Because the universe is expanding, any wave of light emitted from a far-flung source is stretched out. That lengthens the wavelength of the light and shifts it towards the red end of the colour spectrum. Dr Webb's team found that, even after correcting for this red shift, the dark lines in the quasar spectra did not appear at the same wavelengths as they do in laboratories on earth. In the quasar spectra, some of the dark lines were shifted slightly towards the red end of the colour spectrum and others towards the blue end. Only if alpha were a smidgen smaller when the light passed through the gas cloud could such a pattern have been produced.

The deviations are too small to be seen in any single quasar, but by averaging the results for 72 quasars the team claims to have secure statistical evidence.
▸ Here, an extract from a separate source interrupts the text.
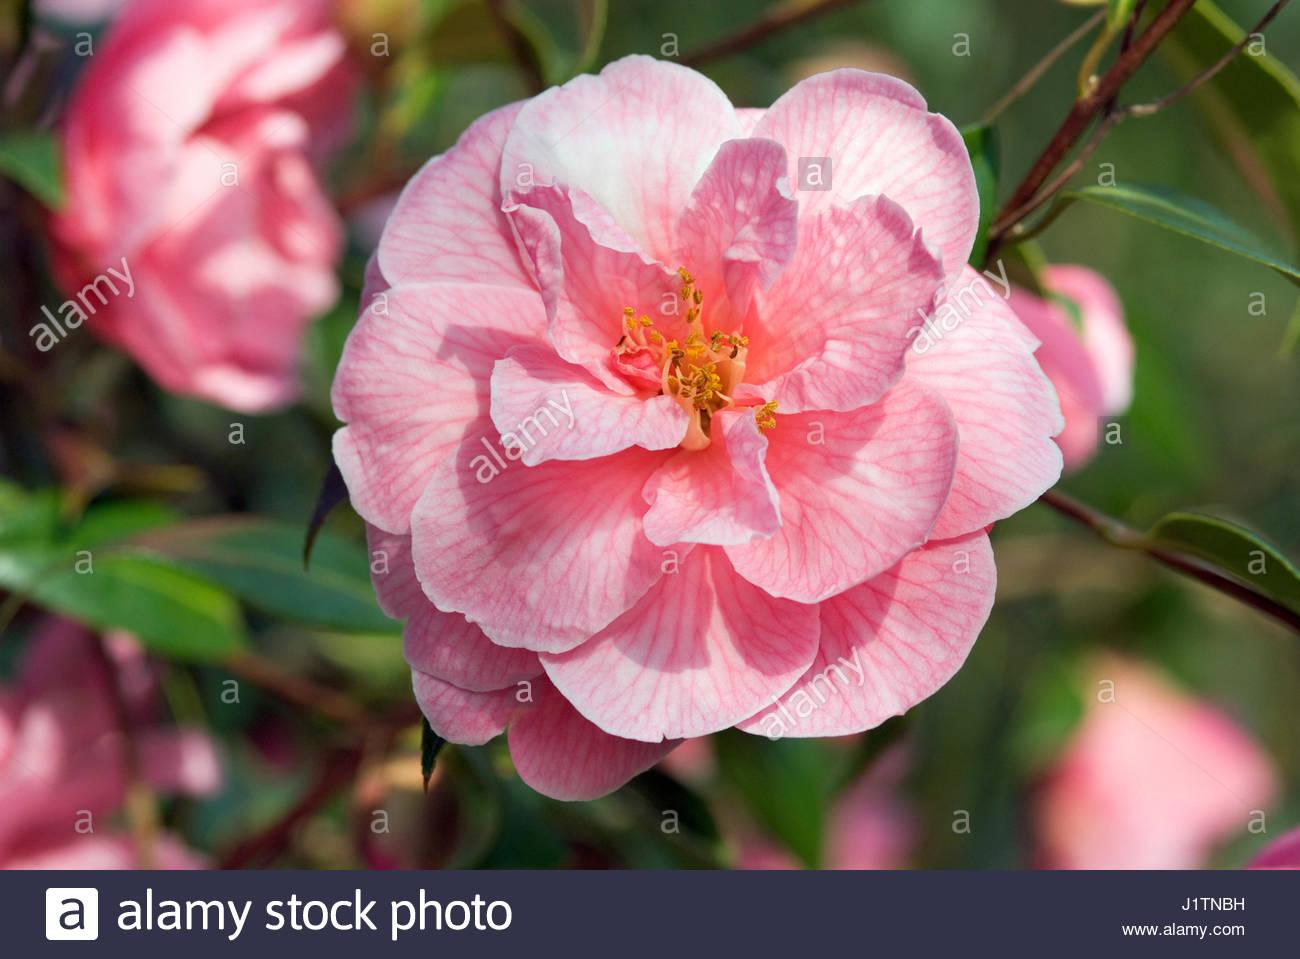 Camellia donation stock photos camellia donation stock - Camelia fotos ...
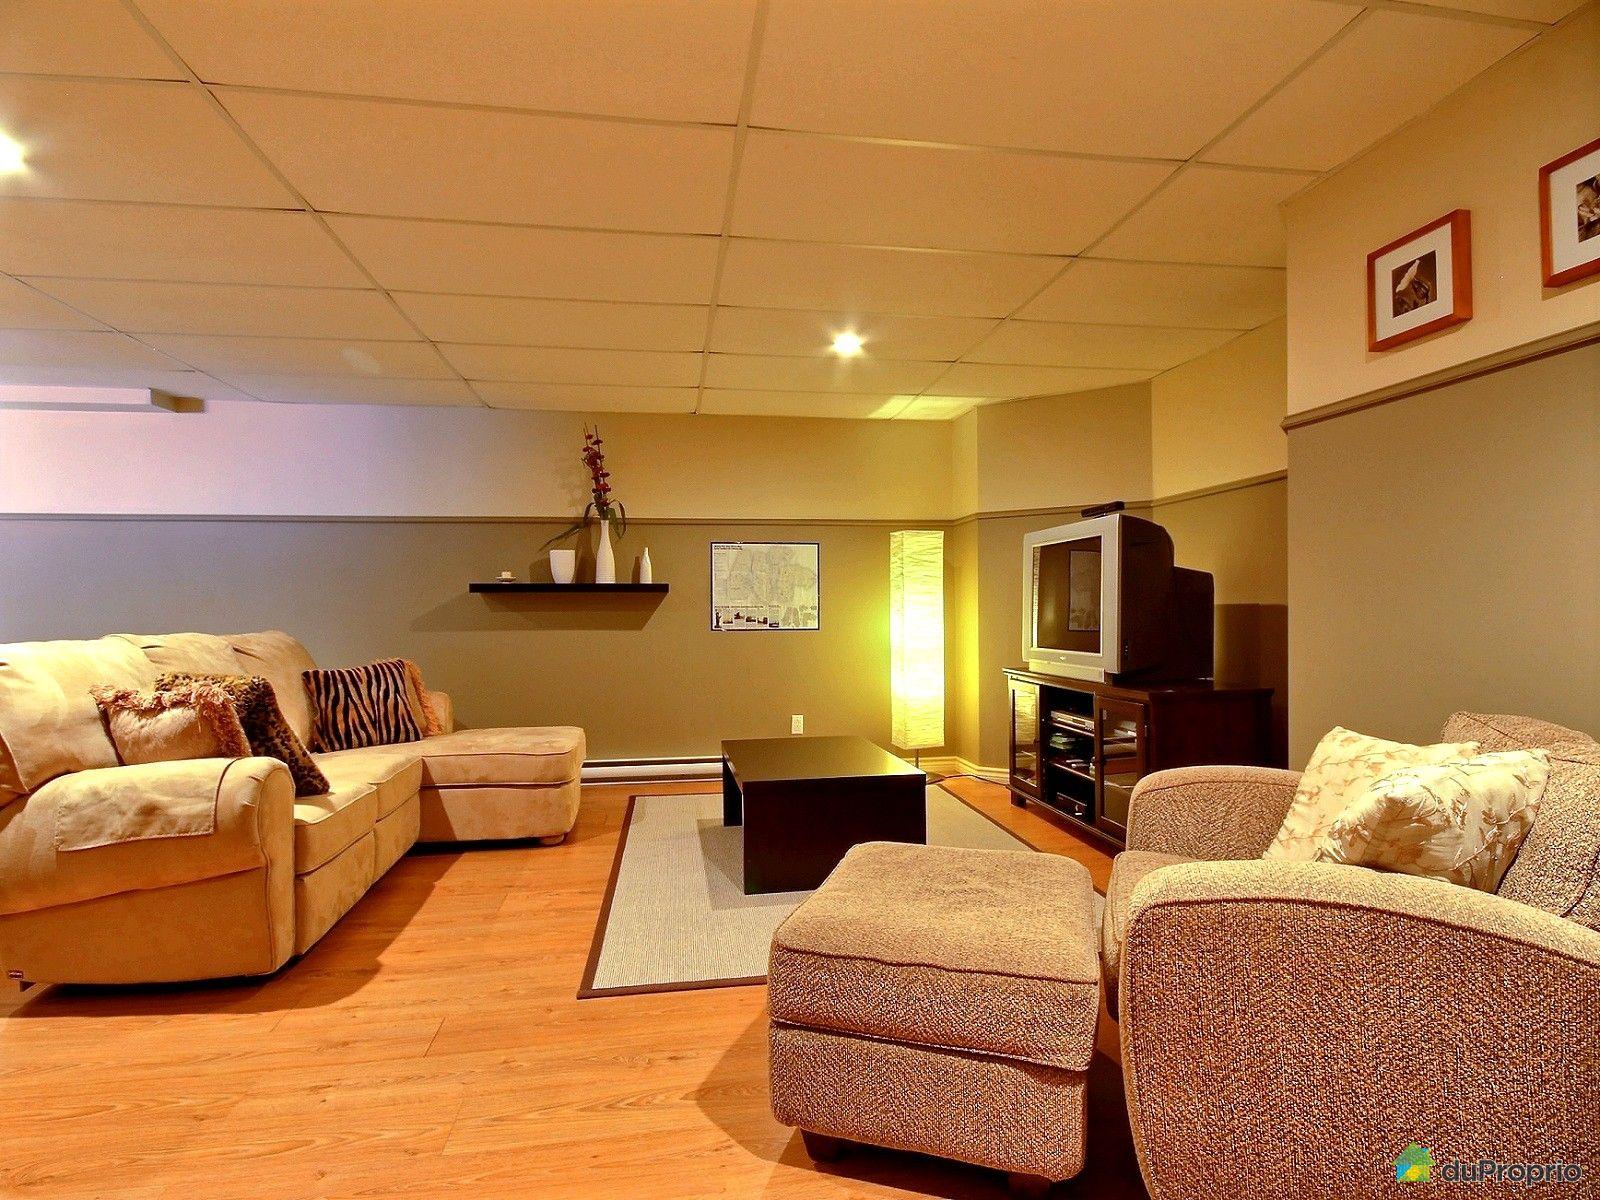 jumel vendu terrebonne immobilier qu bec duproprio 474180. Black Bedroom Furniture Sets. Home Design Ideas

Mr Murphy's tour is intended to publicise this finding and to convince other scientists to perform independent measurements. He has generally been met with unease from theoretical physicists and with scepticism from astronomers. Theorists, for their part, have been worrying about what might cause alpha to change, and what change would imply for the stability of its components. Has the charge of the electron or the speed of light altered over time, or has some combination of effects occurred?

For most theories of the universe, such variability would prove disastrous. There is one theory, though, that may allow constants to vary over time. Though it came into vogue as string theory, this idea is now known as M-theory. It supposes that the universe contains 11 dimensions: the four familiar ones of time and space, plus seven that have shrivelled up and become inaccessible since the Big Bang.

The constants that physicists measure in their laboratories are only four-dimensional shadows of more fundamental entities that exist in 11 dimensions. These shadows would shift with time if the hidden dimensions changed scale. Unfortunately, nobody knows how to use M-theory to calculate whether alpha should be going up or down, or by how much.

Other theorists, such as Georgi Dvali of New York University and Joao Magueijo of Imperial College, London, say a changing alpha might come from a hitherto unknown force of nature that could modify the law of gravity. The new force would cause objects made of different materials to fall at different rates. However heretical that may sound, this notion has the advantage over M-theory in that its predictions might be testable in future experiments.

Astronomers, who despite their profession tend to be more down-to-earth than theoretical physicists, are withholding judgment until the measurements are repeated. Chris Carilli, of the National Radio Astronomy Observatory in Socorro, New Mexico, points out that the quasar-based method to measure the ancient value of alpha is at least 30 years old, and has never before resulted in a value different from today's alpha. Dr Webb invented a new method of analysis that is potentially more sensitive to changes in alpha, but is also more susceptible to subtle errors.

Dr Carilli and his colleagues are also suspicious because the new measurement disagrees with a different way of determining alpha in the remote past. About 2 billion years ago, uranium rocks at a site in Oklo, Gabon, experienced such compression that they underwent fission reactions much like those that occur in nuclear reactors. Physicists know this because of the unusual amounts of different types of uranium and other elements in the area, which was used by France as a uranium mine. By studying these deposits, scientists have deduced that the value of alpha during the ancient nuclear reactions was the same as it is today.

If the evidence from the mine and the evidence from the quasars are both correct, alpha would have to have changed between 2 billion and 9 billion years ago, and then stayed constant. That would be still more perplexing. Most physicists would be happier if the whole problem just went away. It will not be easy for them to surrender the beloved constancy of their constants of nature.